Keputusan tersebut merupakan hasil rapat koordinasi mendalam yang digelar kedua lembaga pada Rabu, 15 April 2025. Pertemuan ini menyoroti sejumlah persoalan krusial, mulai dari dugaan ketidakadilan terhadap pelaku UMKM hingga persoalan hak tenaga kerja dalam operasional dapur MBG.
Ketua Yayasan RASH, Febriyandi, menegaskan bahwa para aktivis di Sumatera Barat memiliki tanggung jawab moral untuk memastikan program nasional tersebut berjalan sesuai tujuan awal, yakni meningkatkan kesejahteraan masyarakat.
Menurutnya, program yang seharusnya menjadi solusi bagi pemenuhan gizi masyarakat justru berpotensi menimbulkan persoalan baru jika tidak diawasi secara ketat.
“Program ini tidak boleh dicederai oleh praktik-praktik yang merugikan rakyat kecil. Baik dari sisi UMKM yang tertekan oleh sistem distribusi, maupun pekerja yang hak-haknya tidak dipenuhi,” ujar Febriyandi.
Sebagai tindak lanjut konkret, Ketua KAMI Kota Padang, Khairul Anas, mengumumkan pembentukan Posko Pengaduan MBG. Posko ini akan berfungsi sebagai pusat penerimaan laporan dari masyarakat, pelaku UMKM, serta pekerja dapur yang merasa dirugikan dalam pelaksanaan program tersebut.
Khairul Anas menyoroti secara tegas status “relawan” yang diberikan kepada sebagian pekerja dapur MBG. Ia menilai praktik tersebut berpotensi menjadi bentuk pengaburan hubungan kerja yang merugikan pekerja.
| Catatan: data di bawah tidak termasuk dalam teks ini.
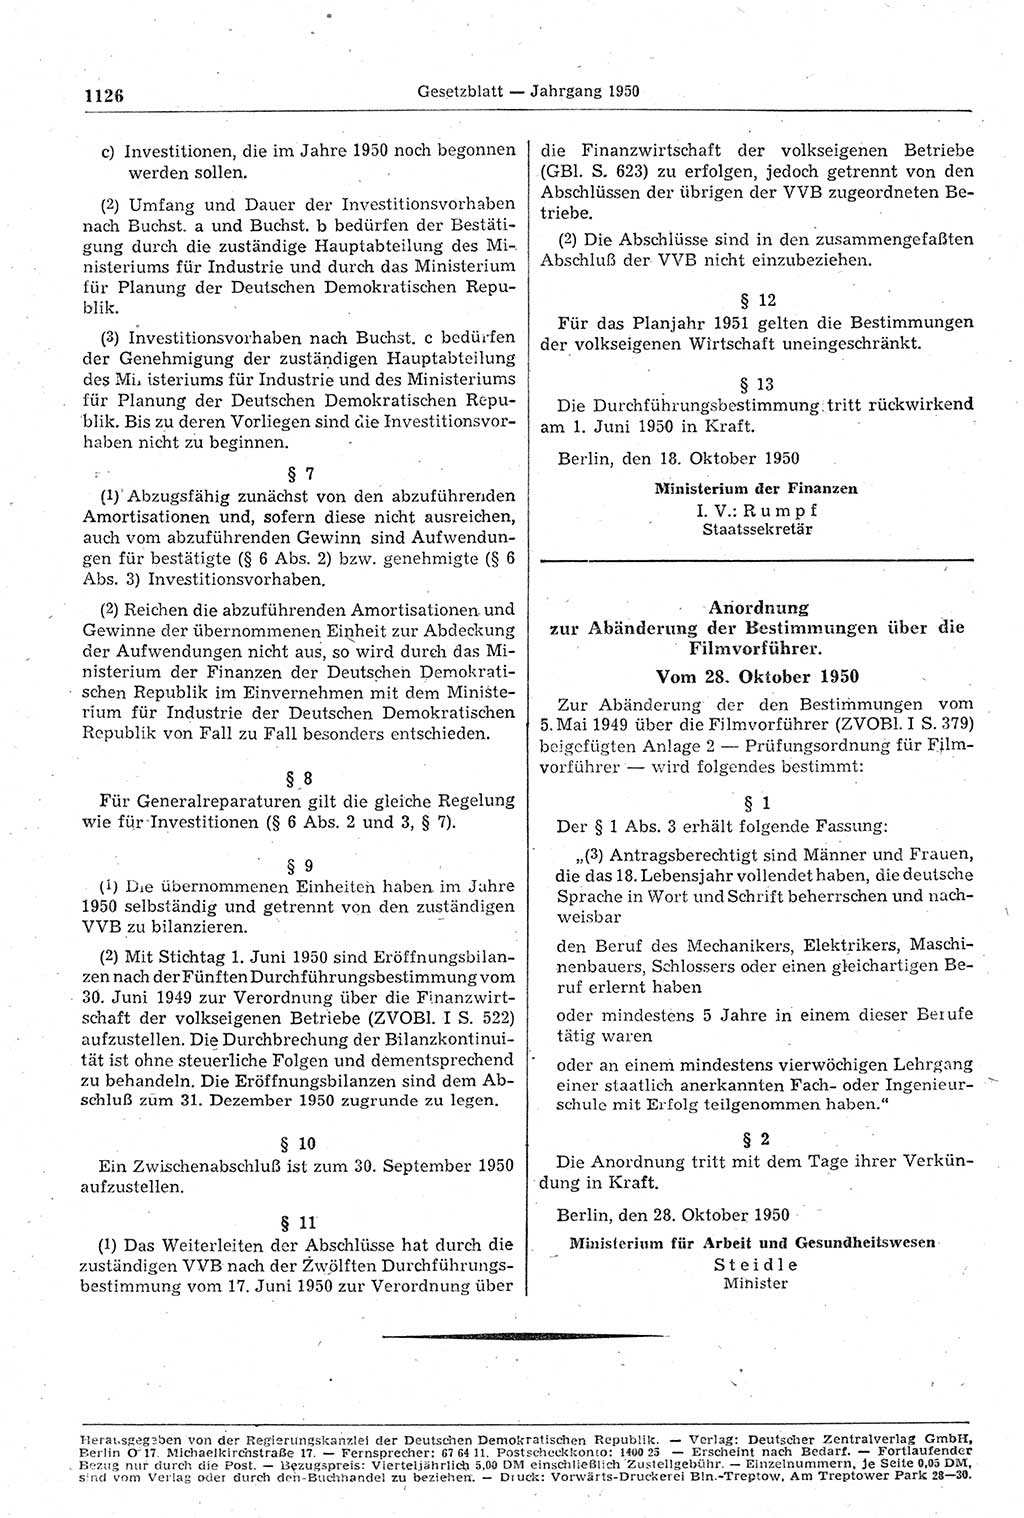 Gesetzblatt (GBl.) der Deutschen Demokratischen Republik (DDR) 1950, Seite 1126 (GBl. DDR 1950, S. 1126)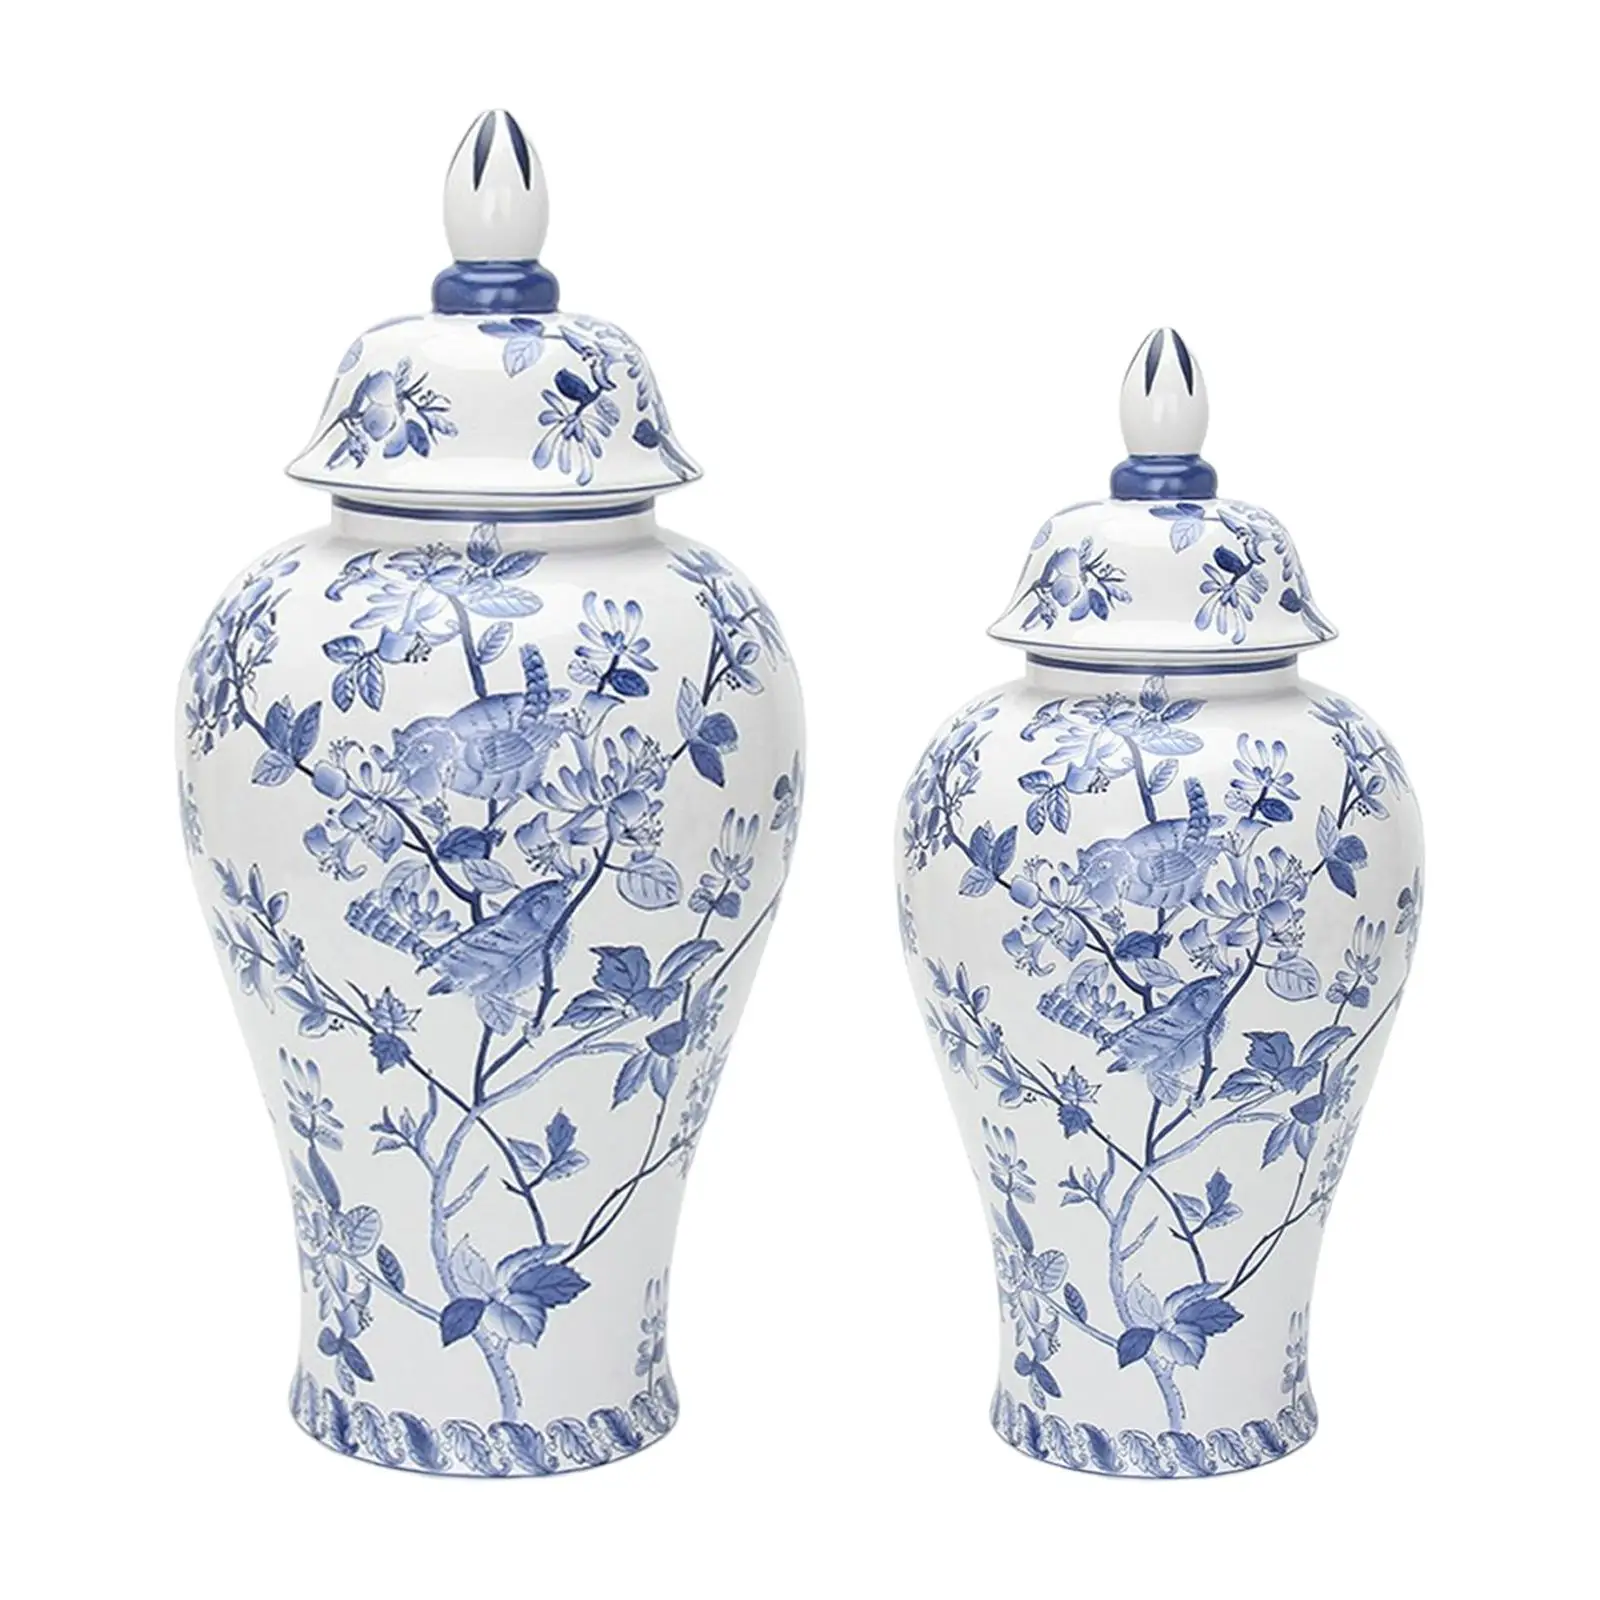 Ceramic Flower Vase Handicraft Decor Porcelain Ginger Jar for Collection

“Kami menilai ada indikasi pembodohan publik. Mereka bekerja secara profesional dengan beban kerja jelas, tetapi tidak mendapatkan hak sebagaimana pekerja pada umumnya. Ini harus diluruskan,” tegasnya.
Ia menambahkan, melalui posko pengaduan ini, pihaknya ingin membuka ruang bagi para pekerja agar berani menyampaikan keluhan tanpa rasa takut.
“Kami mengajak semua pihak yang merasa dirugikan untuk melapor. Kumpulkan bukti, karena kami siap melakukan pendampingan, termasuk langkah hukum jika ditemukan pelanggaran serius,” lanjutnya.
KAMI Kota Padang juga menegaskan tidak akan ragu melakukan aksi lanjutan, termasuk aksi massa, apabila terdapat bukti kuat adanya praktik eksploitasi tenaga kerja dengan dalih kerelawanan.
“Jangan sampai dapur MBG berubah menjadi tempat eksploitasi. Program ini harus menjunjung tinggi martabat pekerja lokal,” ujar Anas.
Sementara itu, Febriyandi kembali menegaskan bahwa aliansi antara RASH dan KAMI merupakan bentuk komitmen bersama untuk menjaga integritas program MBG agar tetap berpihak kepada masyarakat.
Ia menyebut, pengawasan ini tidak hanya menyasar aspek tenaga kerja, tetapi juga menyangkut rantai distribusi bahan baku yang dinilai berpotensi merugikan pelaku usaha kecil.
“Kami ingin memastikan bahwa setiap anggaran yang digelontorkan negara benar-benar dirasakan manfaatnya oleh rakyat. Jangan sampai program ini hanya menguntungkan segelintir pihak,” katanya.
Ke depan, Posko Pengaduan MBG yang diinisiasi KAMI Kota Padang akan mulai beroperasi dengan sistem penerimaan laporan secara langsung maupun melalui kanal komunikasi digital. Data yang dihimpun nantinya akan diverifikasi dan dilaporkan kepada Badan Gizi Nasional serta kementerian terkait sebagai bahan evaluasi dan tindak lanjut.
Aliansi ini diharapkan menjadi langkah awal dalam menciptakan sistem pengawasan partisipatif yang melibatkan masyarakat secara langsung, sehingga pelaksanaan Program Makan Bergizi Gratis di Sumatera Barat dapat berjalan transparan, akuntabel, dan tepat sasaran.